The problem is many pharmacies will take it back. So when most pharmacist put up with this, why would doctors office think otherwise. They are the almighty doctor we are just the lowly pharmacy.

RxBoy said...

I'm glad to know that our pharmacy isn't the only one that deals with that crap. Unfortunately our managers have spines of jelly and typically take the medicine back for a refund. Then of course we have to throw it away. I agree with you that the doctor who made the mistake should reimburse the patient for the error.

As a retail technician, I've come to dislike doctors in general. They write so sloppy you can't read the damn prescriptions. They love to send us electronic prescriptions and promise the patient that we will have them ready in 15 minutes without checking with us first. They also love to tell patients how much drugs cost at our pharmacy. I love it when something is $300 and the customer whines that the doctor told them it was on our $4 list. We should tell them to go back to the doctor and demand that they reimburse them the difference.

pharmacy chick said...

Break the friggin tablets in half. Both regular metoprolol AND XL may be broken.. Yes. XL may be broken in half but not crushed or chewed.

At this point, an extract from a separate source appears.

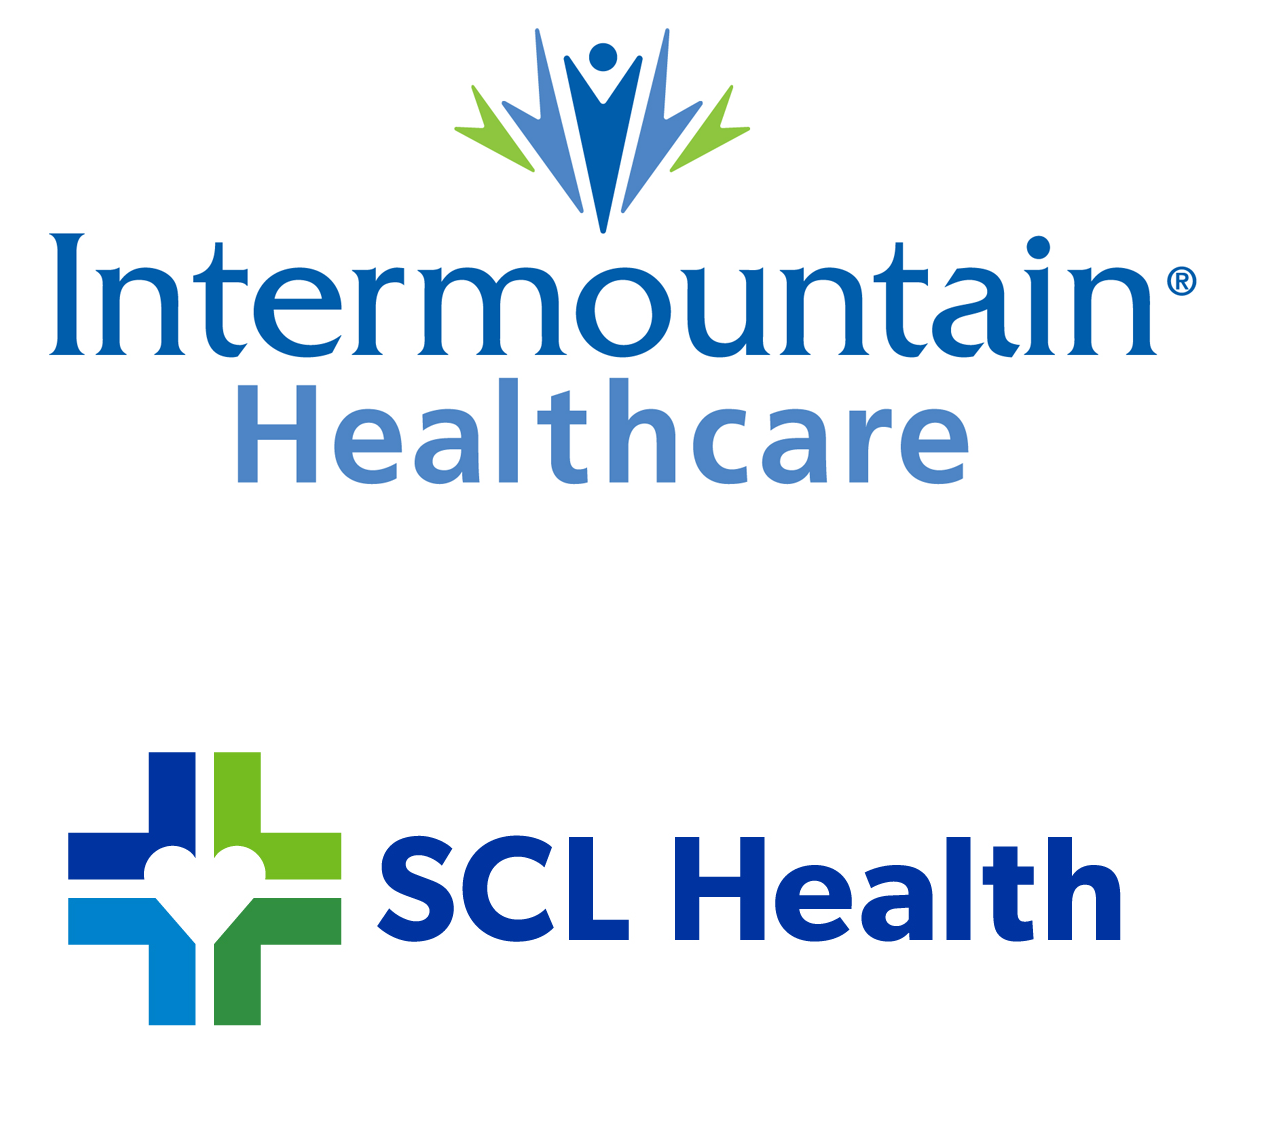 Intermountain Healthcare SCL Health'

It says so in the literature. If you feel so inclined break them FOR the patient or have the dr do it for them since they were the ones who screwed up. If the patient insists on 50mg tabs then have the DR refund the patient for the price of one copay. I just dont see a problem here...at least for YOU mike :-)
I have my own Metoprolol story I should share on PC site...

Pharmacy Mike said...

PC-

The drug wasn't actually Metoprolol. I changed the drug name to protect the innocent, lol. Of course, the one she actually got could have also been cut in half, but this patient wanted the correct medication with the correct directions on the label as not to be confused.

The best part of the whole story was that 2 minutes after I got off the phone with the snippy medical assistant, the patient himself called and ranted about how fed up he was with the doctor's office staff, and how they continually mess things up. He didn't put any blame at all on us.

Needless to say, he's now one of my new favorite customers.

Anonymous said...

My decision to take something back for a refund depends on several things.

If it is our fault, I take it back, apologize, apologize, and refund and new Rx for no charge.

Now I have people pick something up and then later realize that they picked up the wrong thing, or someone picked it up for them...sorry tough crap not my fault you did not pay attention.

There is one exception to the above rule, if the patient is a long time patient and they have spent a lot of money, and the rx is not expensive. Now we are not talking 20 rxs over 3 years, we are talking my patients that we know by name, and pick up 60 to 100+ rxs a year, they are worth keeping around!

Anonymous said...

This is why we ask patients at the drop-off window "Has your dose changed for any of your medications today?" The deer in the headlights response indicates that we fax the the Dr. to clarify - then the onus is on them, not the pharmacy.

murgatr
Pharm.Tech RDC "06

pharmacy chick said...

we have had occasions such this happen. If the dr has made a mistake, I will "invite" the physician (or their office staff) to make arrangements with the patient to reimburse them for the copay the patient had to pay. I never really know if it happens, but I make it understood that it won't be me. Sometimes I even say it as such " Shall I have the patient contact your office about reimbursement for their copay? I can't take it back"

Anonymous said...

In any retail situation in which I've been involved, when 'a pharmacist took the medication back that was not unit-dosed or in untampered unit-of-use packaging', the drug went to the 'to be destroyed' pile. It did not go back on the shelf!

Anonymous said...

It's a business tactic. If you want the customer or the doctor's office to continue to reference your pharmacy then you take the medication back. That is why most pharmacies take it back. They do not want to lose future business.

If it wasn't the fault of the pharmacy, I would never take it back. I don't care if I lost future business.